Semantic Motion Anchors: Bridging Motion and Meaning in Co-Speech Gestures
Title: Semantic Motion Anchors: Connecting Motion with Meaning in Co-Speech Gestures
Abstract
Developing a unified representation that links spoken language with gesture is a fundamental requirement for advancing co-speech gesture retrieval, synthesis, and comprehension. However, this task proves particularly difficult when dealing with semantically rich gestures, as their communicative purpose cannot be derived from movement data alone.

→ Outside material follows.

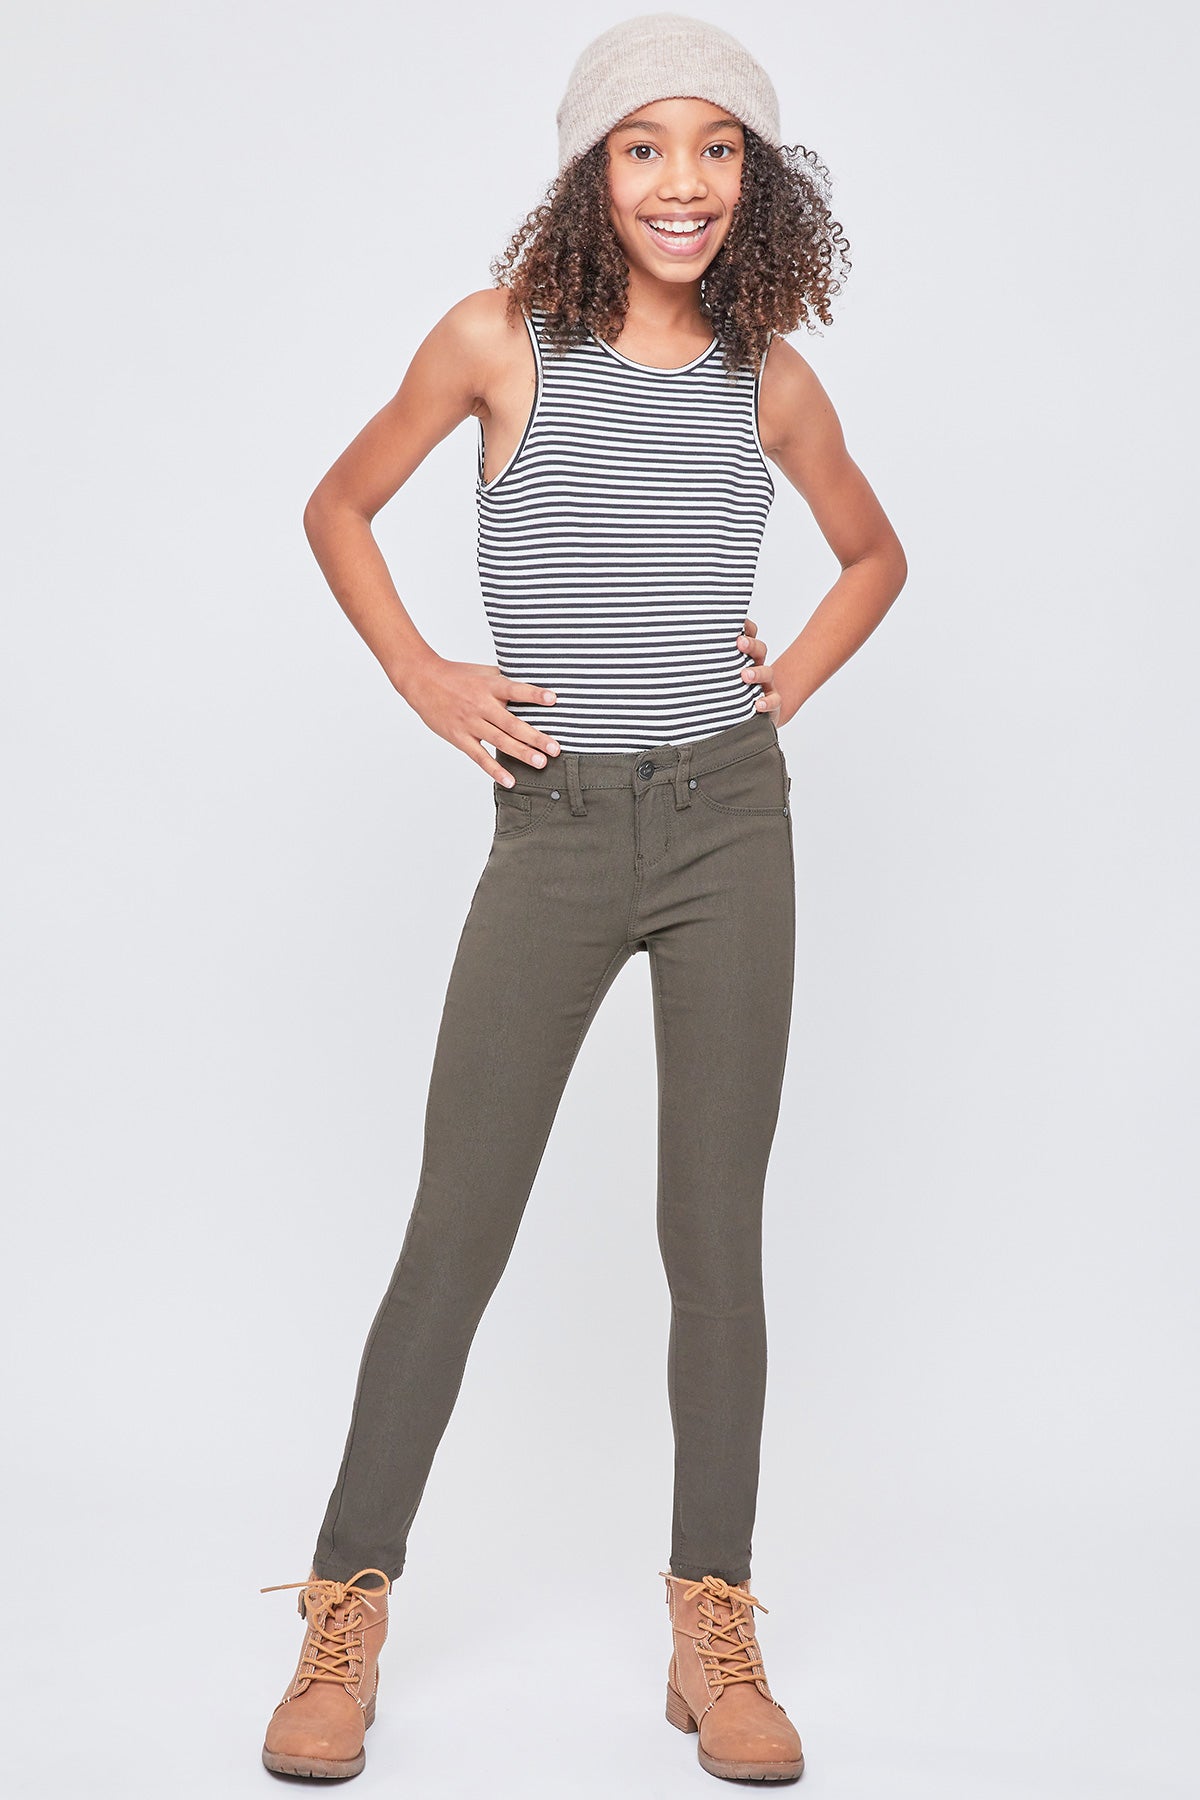 Buy The Children's Place Girls Girls Green Solid Capri Jeans - NNNOW.com

Traditional methods that rely on direct contrastive alignment between text transcripts and continuous motion embeddings tend to prioritize low-level kinematic details, thereby overlooking the symbolic significance inherent in semantic gestures.
To address this, we introduce "semantic motion anchors," which serve as natural-language abstractions that encapsulate both the physical structure of a gesture and its communicative intent. Our approach involves breaking down 3D gestures into distinct body-hand motion primitives, converting these into structured verbal descriptions, and linking them to the accompanying transcript to offer auxiliary contrastive supervision.
Evaluations on the BEAT2 dataset demonstrate that our method increases text-to-gesture retrieval accuracy (R@1) by 8.2% compared to a baseline that aligns text and motion directly. Furthermore, it surpasses previous retrieval techniques in both text-to-gesture and gesture-to-text directions. Beyond standard aggregate metrics, the supervision provided by semantic motion anchors ensures that the retrieved gestures are semantically relevant to the spoken query, preventing the system from defaulting to generic movement patterns.
In a downstream study focused on retrieval-augmented gesture generation, participants showed a strong preference for gestures generated using our method over those produced by a standard retrieval-augmented generation baseline. This outcome highlights that grounding retrieval processes in semantic meaning leads to generated gestures that more effectively convey the intended communicative message.